“In a linear, passive and bilateral single source network, the ratio of response to the excitation is constant even though the source is interchanged from the input terminals to the output terminals”.
Suppose that the application of voltage ‘ V ‘ across PP’ produces current is through the branch QQ’ having impedance Z3. Then, the ratio of the response to excitation is given by,
\[\frac{R}{E}=\frac{{{I}_{3}}}{V}…(1)\]
Now, the positions of source and response are interchanged. The voltage source is connected across the terminals QQ’ and it produces current response I1 through the branch PP’ having impedance Z1 as shown in the figure (b). Now, the ratio of the response to the excitation is given by,
\[\frac{R}{E}=\frac{{{I}_{1}}}{V}…(2)\]
According to reciprocity theorem, the ratio of response to the excitation is constant in both cases.
Hence,
Equation (1) = Equation (2)
\[\frac{{{I}_{3}}}{V}=\frac{{{I}_{1}}}{V}=\frac{I}{V}\left( Constant \right)\] \[As \left[ i.e,{{I}_{3}}={{I}_{1}} \right]\]
Consider the network shown in figure (1). Suppose application of voltage V across AA’ produces current I through BB’. Now, if the positions of source and responses are interchanged by connecting the voltage source across BB’, the resultant current I will flow through terminals AA’. According to reciprocity theorem, the ratio of response to excitation is same in both the cases. The reciprocity theorem is not valid for a network with two sources.
i.e,\[\frac{I}{V}=\text{ Constant }\left( \text{In both the cases} \right)\]
Reciprocity Theorem Example
Consider the network shown in figure (2). Let 10 V voltage source be the excitation (or input) and current I be the response (or output).

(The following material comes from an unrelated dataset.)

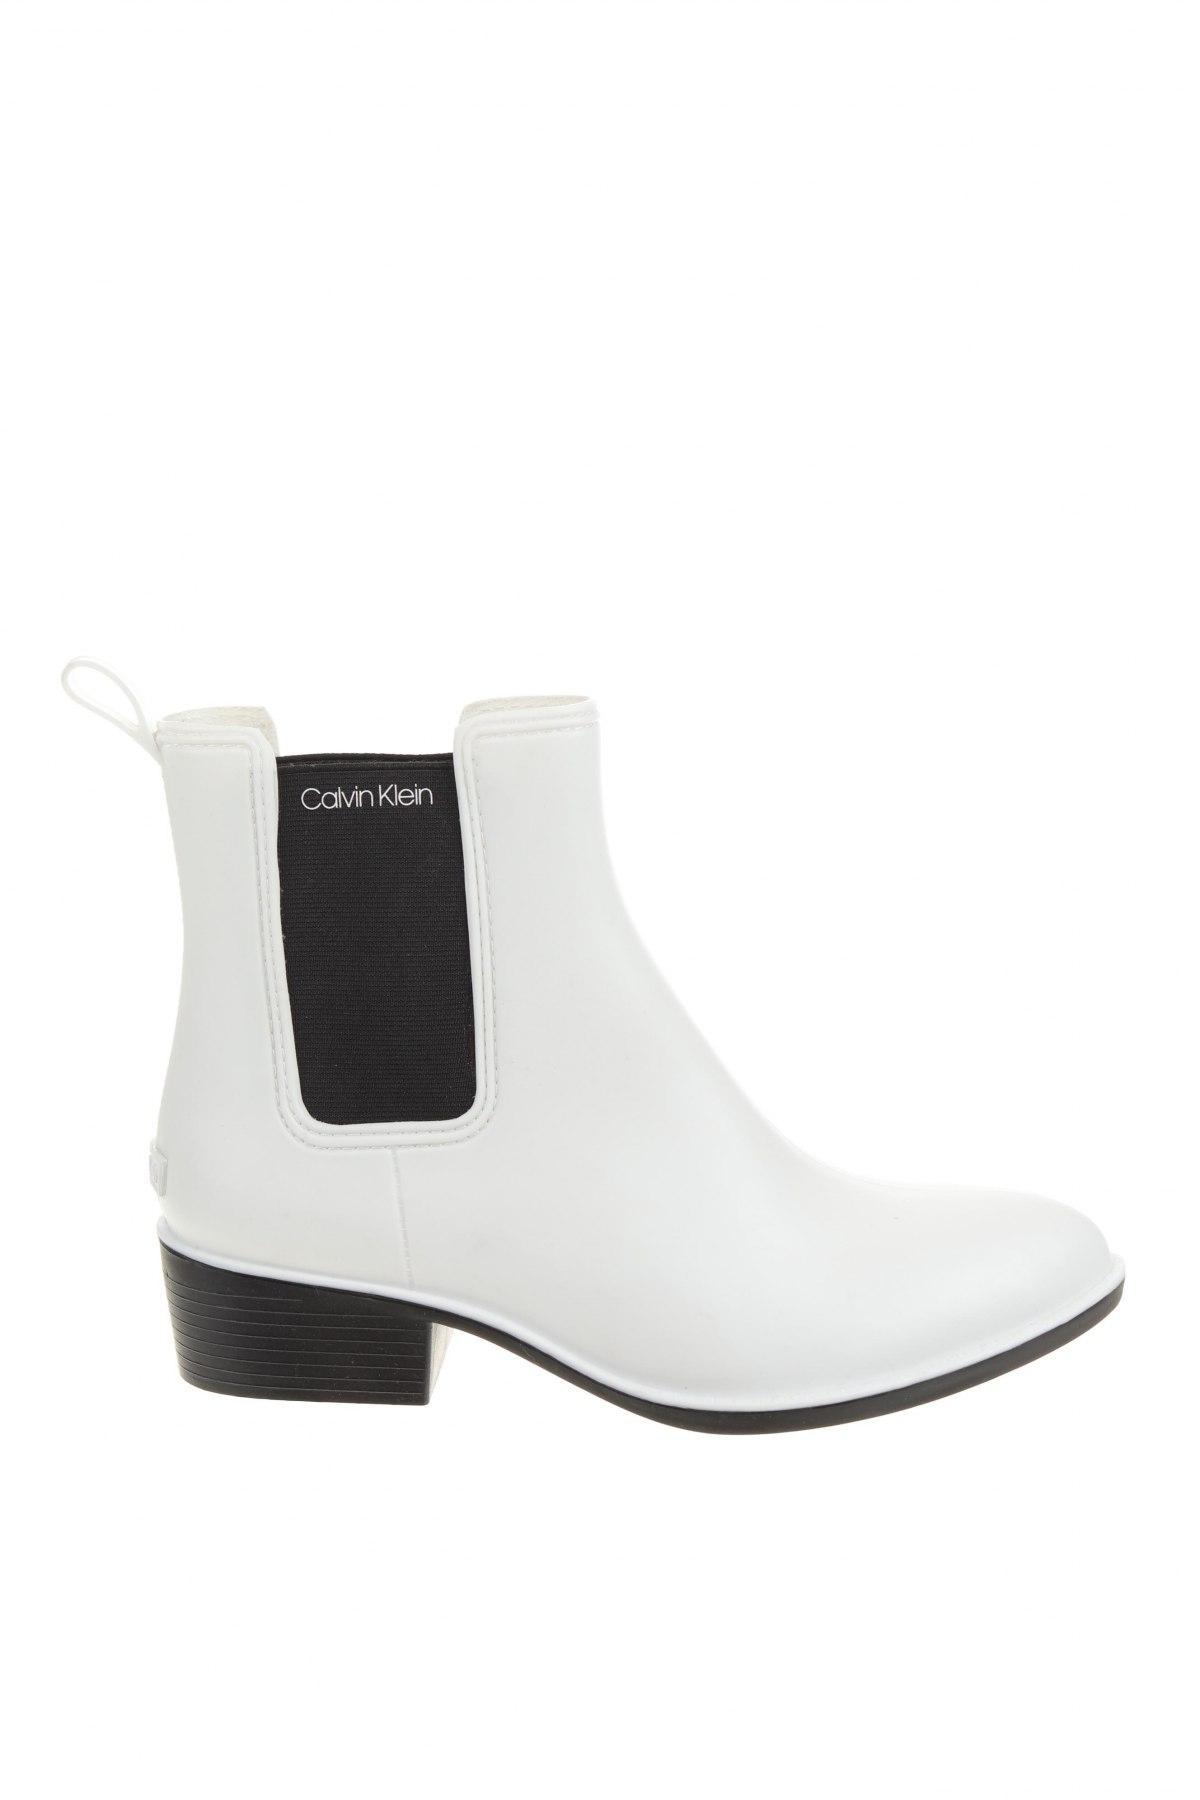 Дамски боти Calvin Klein, Размер 39, Цвят Бял, Полиуретан, Цена 189,00лв.
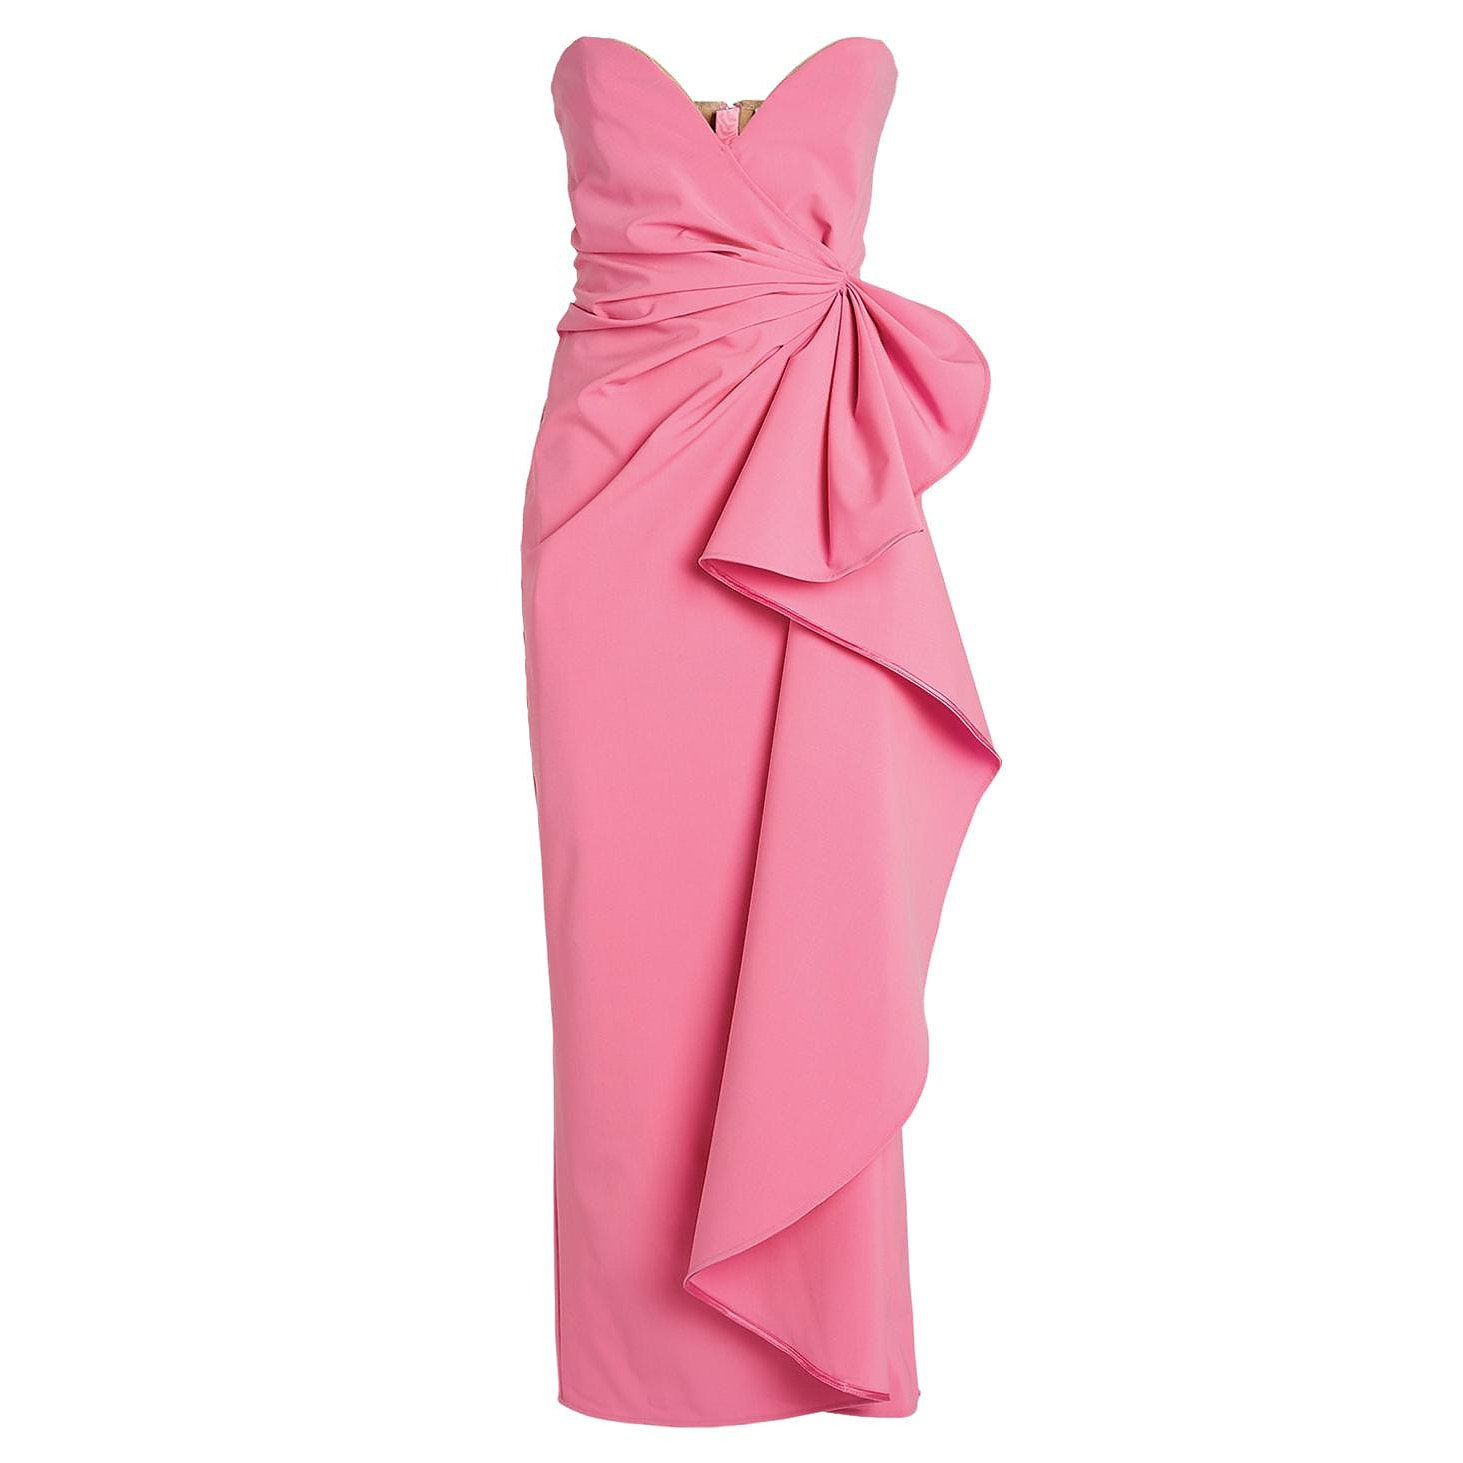 The Attico Strapless Drape Gown

By applying KCL at node ‘a’, we get,
\[\frac{{{V}_{a}}-10}{2}+\frac{{{V}_{a}}}{4}+\frac{{{V}_{a}}-20}{30}=0\]
\[{{V}_{a}}\left( \frac{1}{2}+\frac{1}{3}+\frac{1}{4} \right)-\frac{10}{2}-\frac{20}{3}=0\]
\[{{V}_{a}}\times \frac{13}{12}=\frac{35}{3}\]
\[{{V}_{a}}=\frac{35}{3}\times \frac{12}{13}=\frac{140}{13}\text{V}\]
\[I=\frac{{{V}_{a}}}{4}=\frac{140}{13\times 4}=\frac{35}{13}\text{A}\]
The ratio of response to the excitation is,
\[\frac{I}{V}=\frac{35}{13}\times \frac{1}{10}=\frac{7}{26}…(3)\]
When the input and output terminals are interchanged, the circuit until be modified as shown in figure (3).
\[\frac{{{{{V}’}}_{a}}}{2}+\frac{{{{{V}’}}_{a}}-10}{4}+\frac{{{{{V}’}}_{a}}-20}{3}=0\]
\[{{{V}’}_{a}}\left( \frac{1}{2}+\frac{1}{3}+\frac{1}{4} \right)=\frac{10}{2}+\frac{20}{3}\]
\[{{{V}’}_{a}}\times \frac{13}{12}=\frac{55}{6}\]
\[{{{V}’}_{a}}=\frac{55}{6}\times \frac{12}{13}=\frac{100}{13}\text{V}\]
\[{{{I}’}_{a}}=\frac{{{{{V}’}}_{a}}}{2}=\frac{100}{13\times 2}=\frac{55}{13}\text{A}\]
The ratio of response to the excitation is,
\[\frac{{{I}’}}{V}=\frac{55}{13}\times \frac{1}{10}\]
\[=\frac{11}{26}…(4)\]
As equations (3) and (4) are not equal it can be said that the reciprocity theorem is invalid for networks with two or more sources.